You really wouldn’t expect any UI to be as clunky as this; no table view is ready to ship until it scrolls like butter! To help pinpoint the problem, you need to set some options on the time profile perspective.

Under the Call Tree section on the left, select Separate
by Thread, Invert Call Tree, Hide
System Libraries andShow Obj-C Only. It will look like this:

Here’s what each option is doing to the data displayed in the table to the right:

• Separate by Thread: Each thread should be considered separately. This enables you to
  understand which threads are responsible for the greatest amount of CPU use.
• Invert Call Tree: With this option, the stack trace is considered from top to bottom.

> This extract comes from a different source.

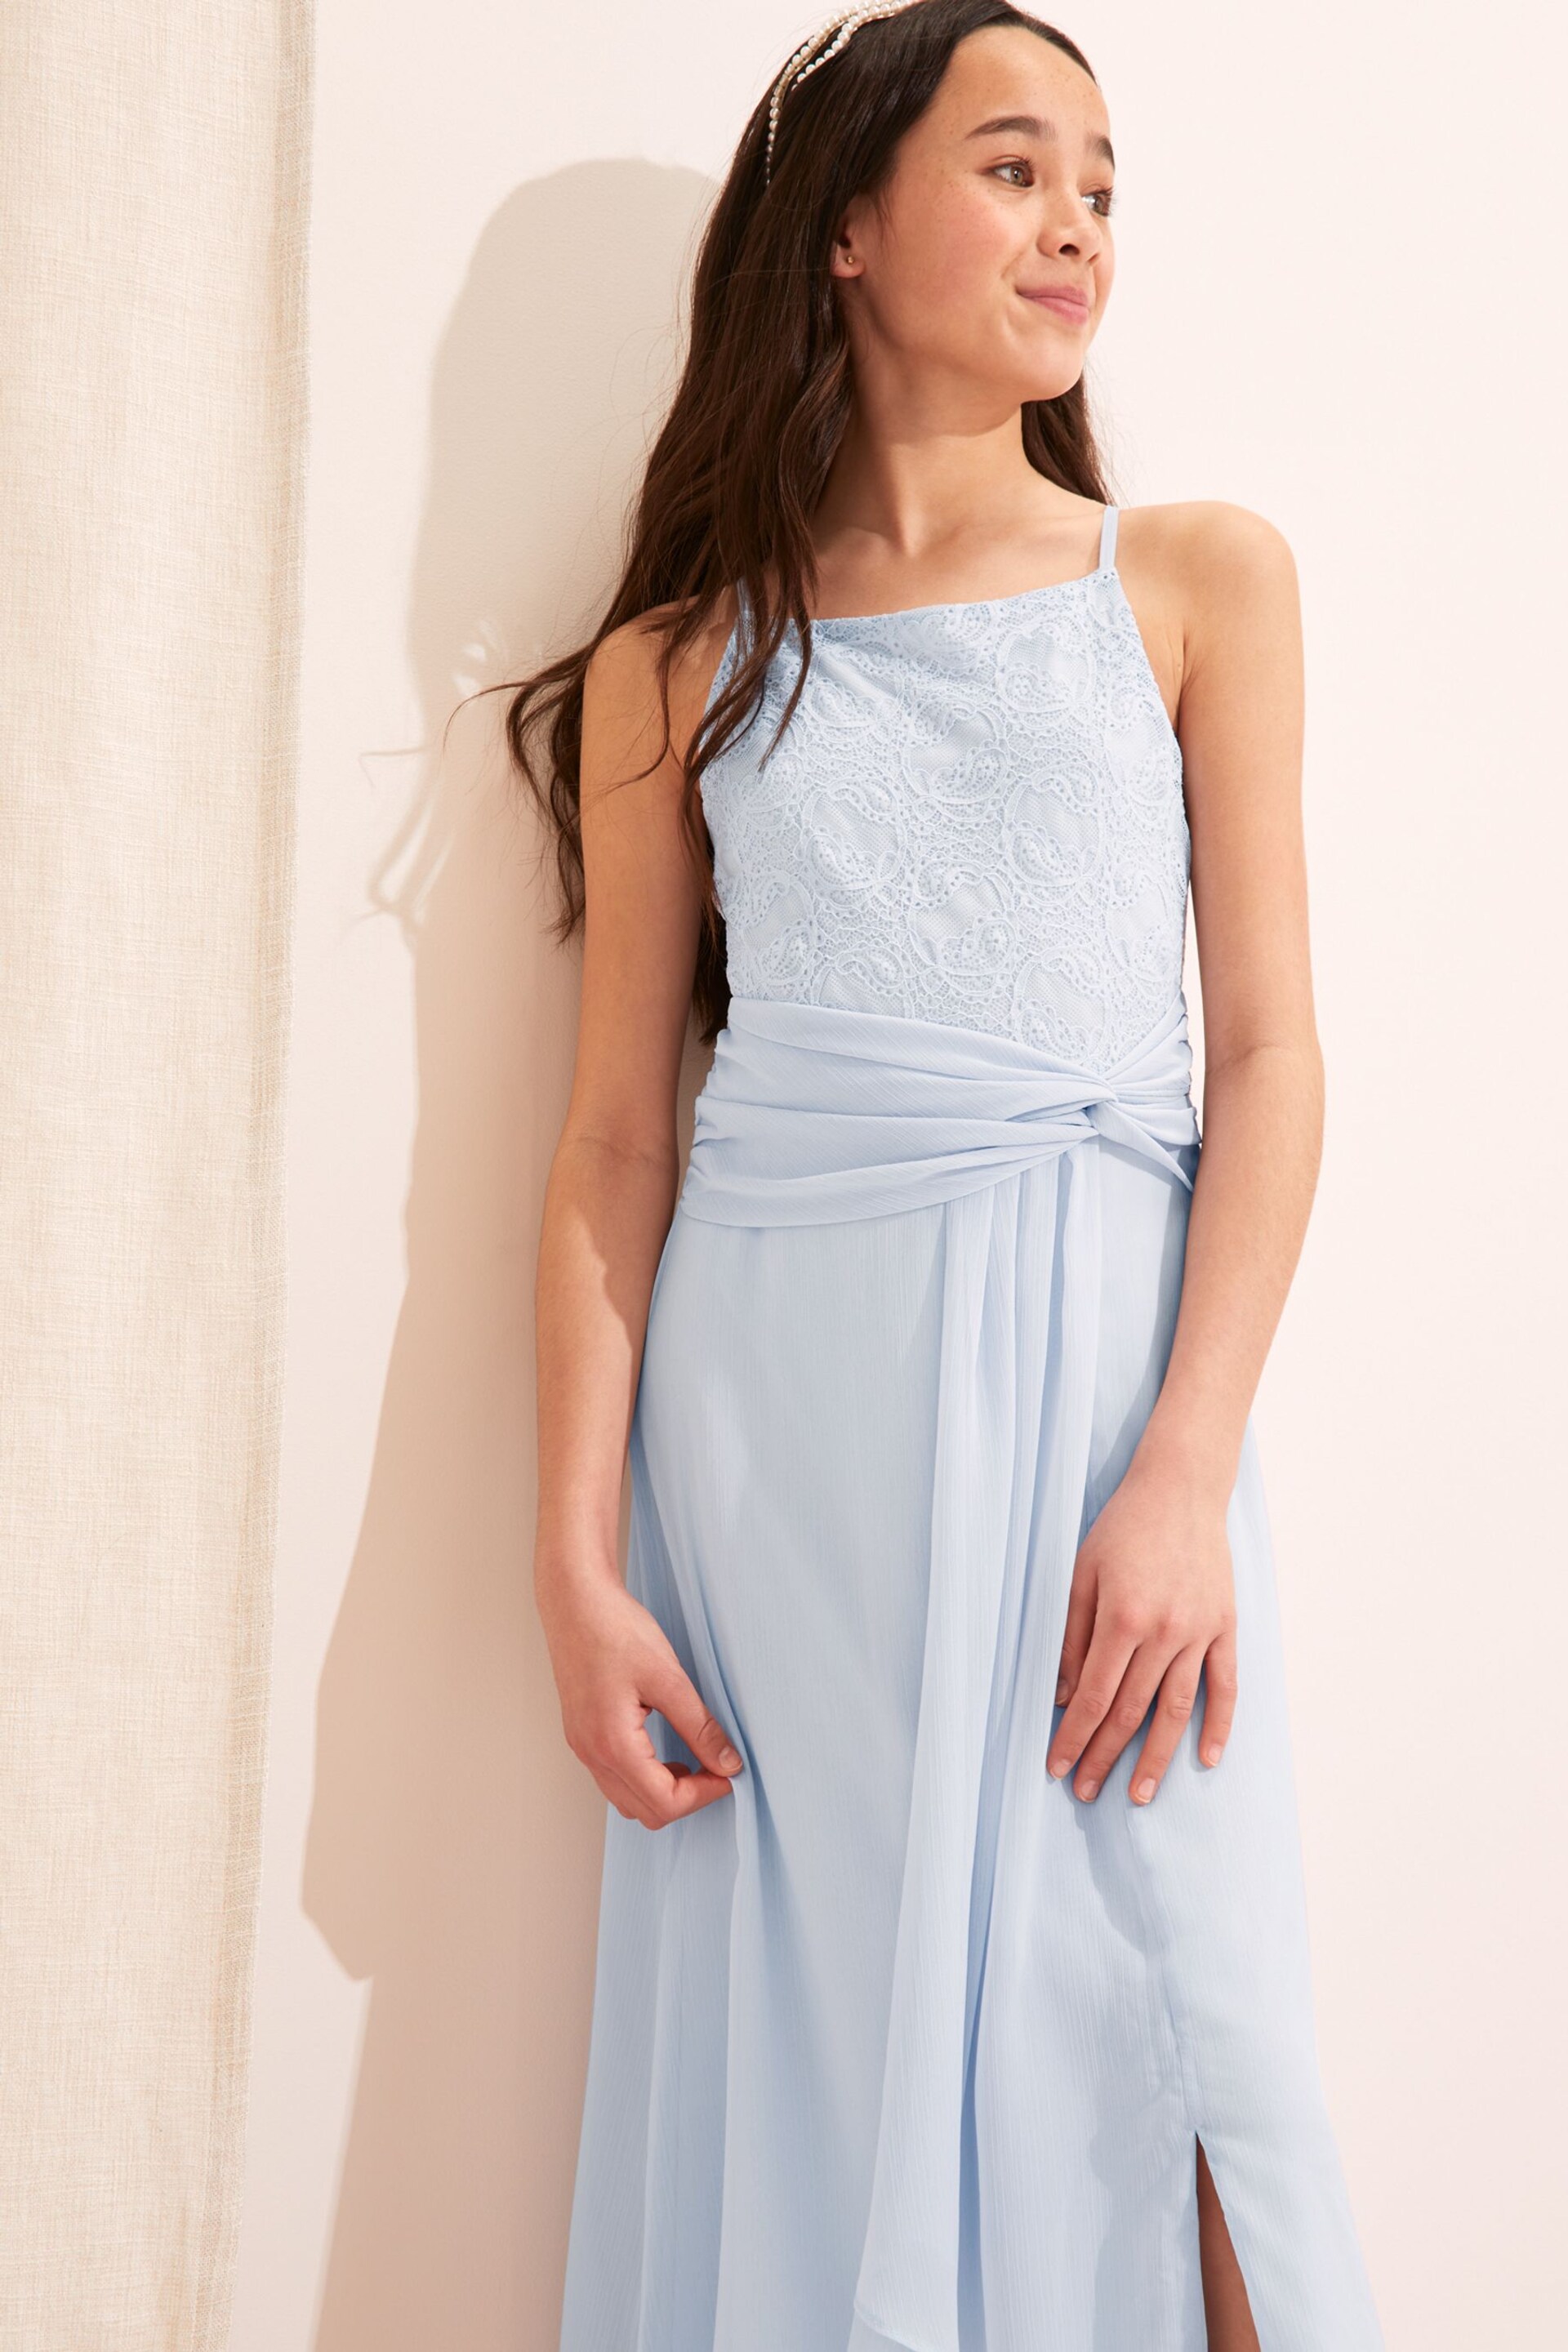 Lipsy Blue Lace Strap Maxi Occasion Dress (From 7-16yrs) - Image 3 of 4

  This means that you will see the methods in the table that would have been in frame 0 when the sample was taken. This is usually what you want, as you want to see the deepest methods where the CPU is spending its time.
• Hide Missing Symbols: If the dSYM file cannot be found for your app or a system framework,
  then instead of seeing method names (symbols) in the table, you’ll just see hex values. These correspond to the address of the instruction within the binary code. If this option is selected, then these are hidden, and only fully resolved symbols are displayed.

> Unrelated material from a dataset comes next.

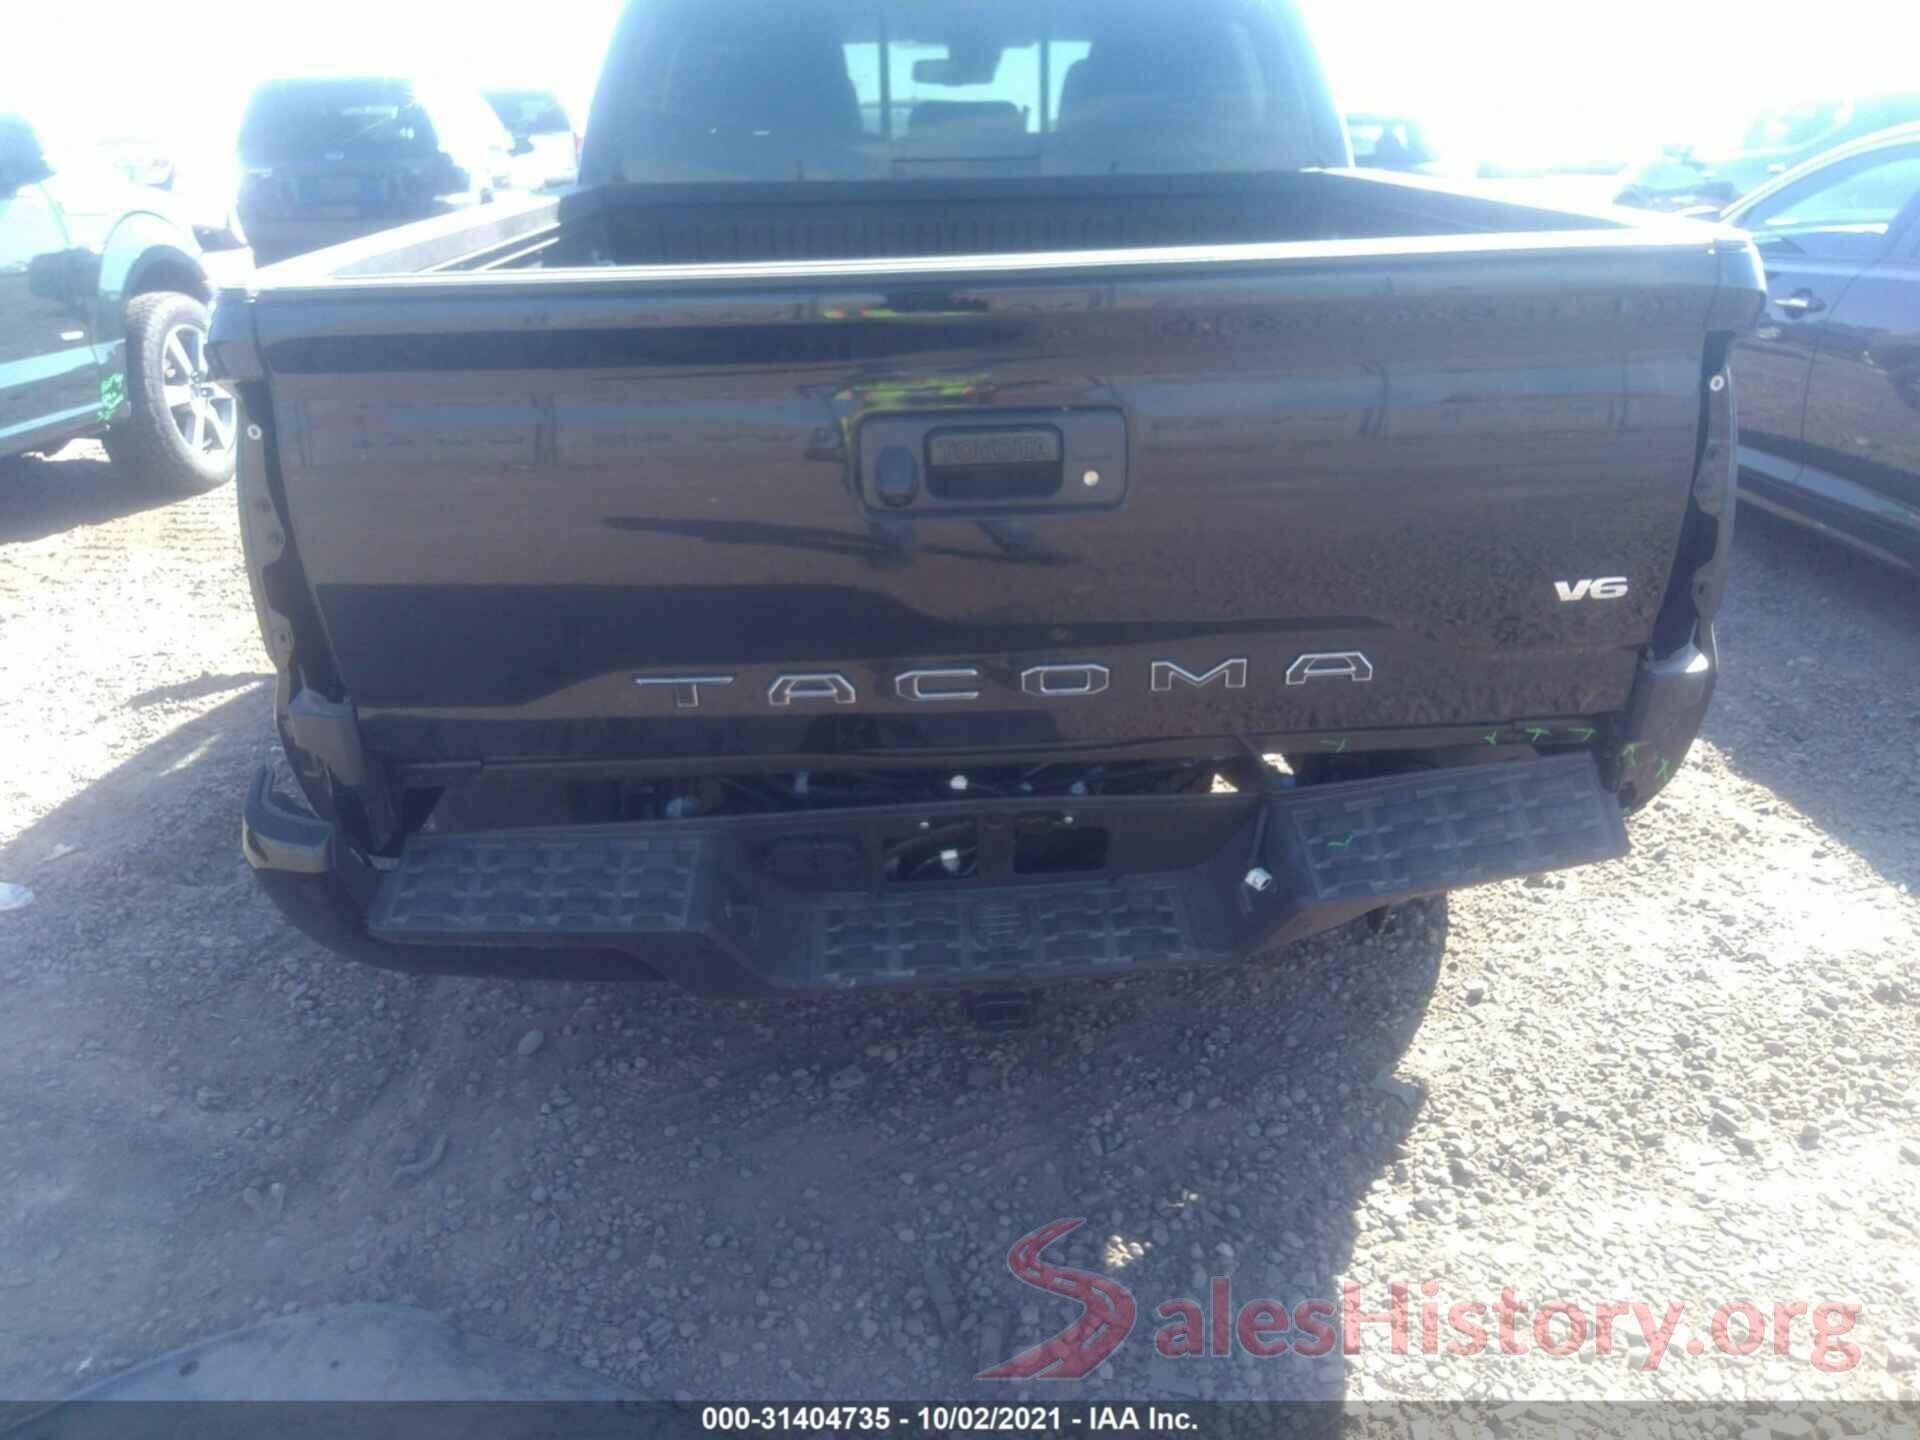 3TMCZ5ANXLM366110 2020 TOYOTA TACOMA 4WD

  This helps to declutter the data presented.
• Hide System Libraries: When this option is selected, only symbols from your own app
  are displayed. It’s often useful to select this option, since usually you only care about where the CPU is spending time in your own code – you can’t do much about how much CPU the system libraries are using!

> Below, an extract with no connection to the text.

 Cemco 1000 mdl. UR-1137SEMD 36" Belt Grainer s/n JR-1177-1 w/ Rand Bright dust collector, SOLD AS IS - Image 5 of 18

• Show Obj-C Only: If this is selected, then only Objective-C methods are displayed,
  rather than any C or C++ functions. There are none in your program, but if you were looking at an OpenGL app, it might have some C++, for example.
• Flatten Recursion: This option treats recursive functions (ones which call themselves)
  as one entry in each stack trace, rather than multiple.
• Top Functions: Enabling this makes Instruments consider the total time spent in a function
  as the sum of the time directly within that function, as well as the time spent in functions called by that function. So if function A calls B, then A’s time is reported as the time spent in A PLUS the time spent in B. This can be really useful, as it lets
  you pick the largest time figure each time you descend into the call stack, zeroing in on your most time-consuming methods.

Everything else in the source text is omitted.